Title page for ETD etd-05072009-125044


Type of Document Master's Thesis
Author Smith, Hurtford
URN etd-05072009-125044
Title Improving the Quality of Terrain Measurement
Degree Master of Science
Department Mechanical Engineering
Advisory Committee
Advisor Name Title
Ferris, John B. Committee Chair
Southward, Steve C. Committee Member
Taheri, Saied Committee Member
Keywords
  • extraction
  • terrain surface
  • calibration
  • excitation
  • terrain profile
  • measure
Date of Defense 2009-05-04
Availability unrestricted
Abstract
The emergence of high-fidelity vehicle and tire models has raised the requirements for terrain measurement capabilities. Inaccuracies that were once tolerable for measurement of general terrain roughness are no longer acceptable for these new applications. The techniques in this work seek to improve the quality of terrain measurement in addition to providing an objective way to describe the accuracy of these measurements. The first portion of this work develops an accuracy verification procedure for terrain measurement systems. This procedure involves a static test to assess the limitations of the profiler’s laser height sensor, and a corresponding dynamic test to evaluate the limitations of the positioning sensors. Even with a well calibrated system, inertial errors will accumulate. The second portion of this work develops techniques to address these inertial errors in the data post-processing phase. A general correction technique is developed for any terrain type and a more computationally efficient technique is developed for smooth surfaces.

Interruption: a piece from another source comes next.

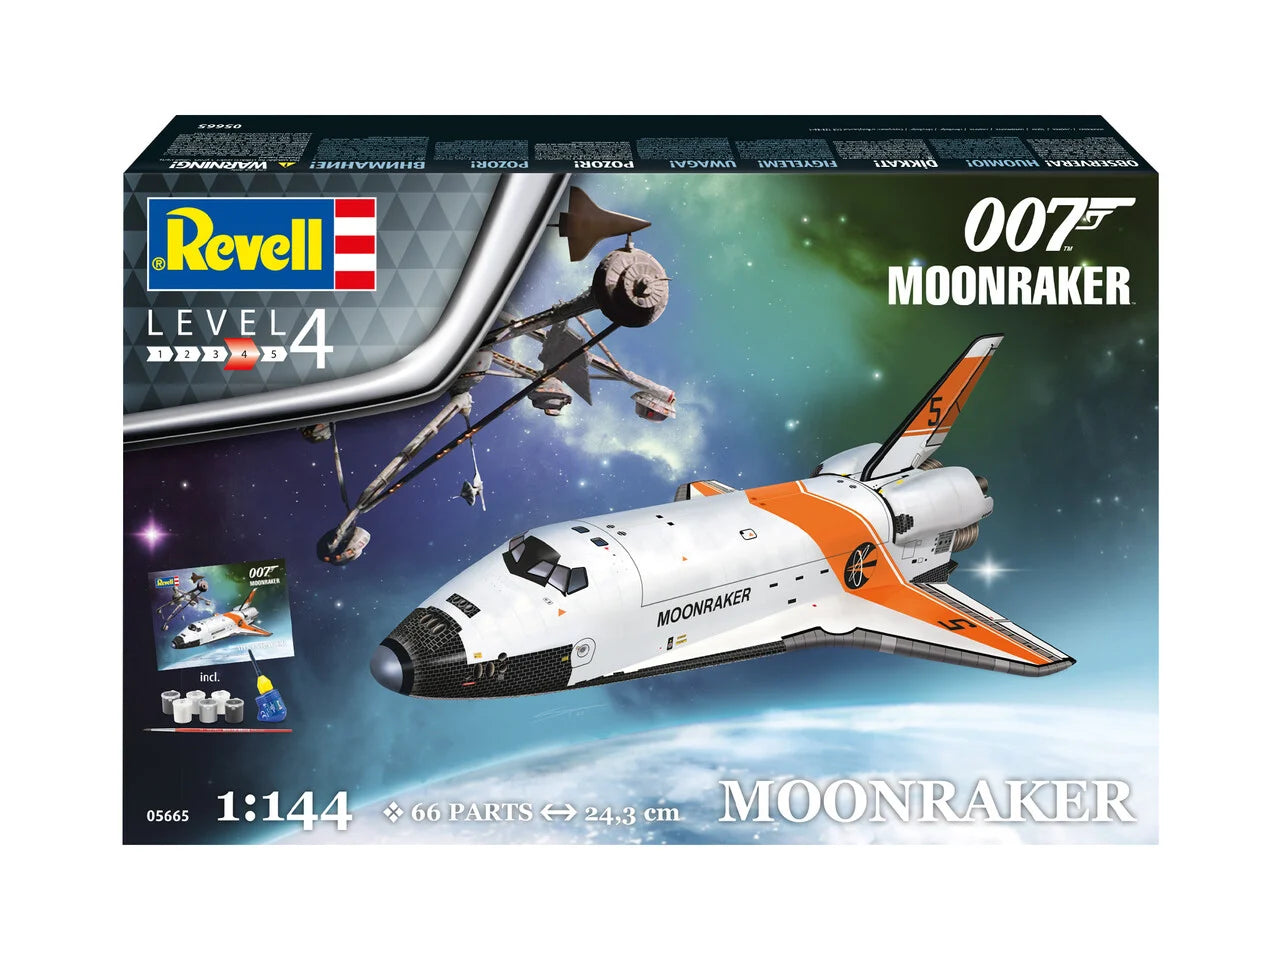 Moonraker Space Shuttle 1:144 Scale Kit

For basic ride and handling simulations, 3D terrain surfaces are computationally impractical, as the models used for these simulations only require point excitation. Current road profilers acquiring these 2D data use single-point lasers that capture localized disturbances that would be mechanically filtered by the tire and suspension in the physical vehicle system. The final chapter in this work develops a method to extract a 2D terrain profile from a 3D terrain surface. By considering all of the information in the tire contact patch, the filtering properties of the tire are approximately emulated.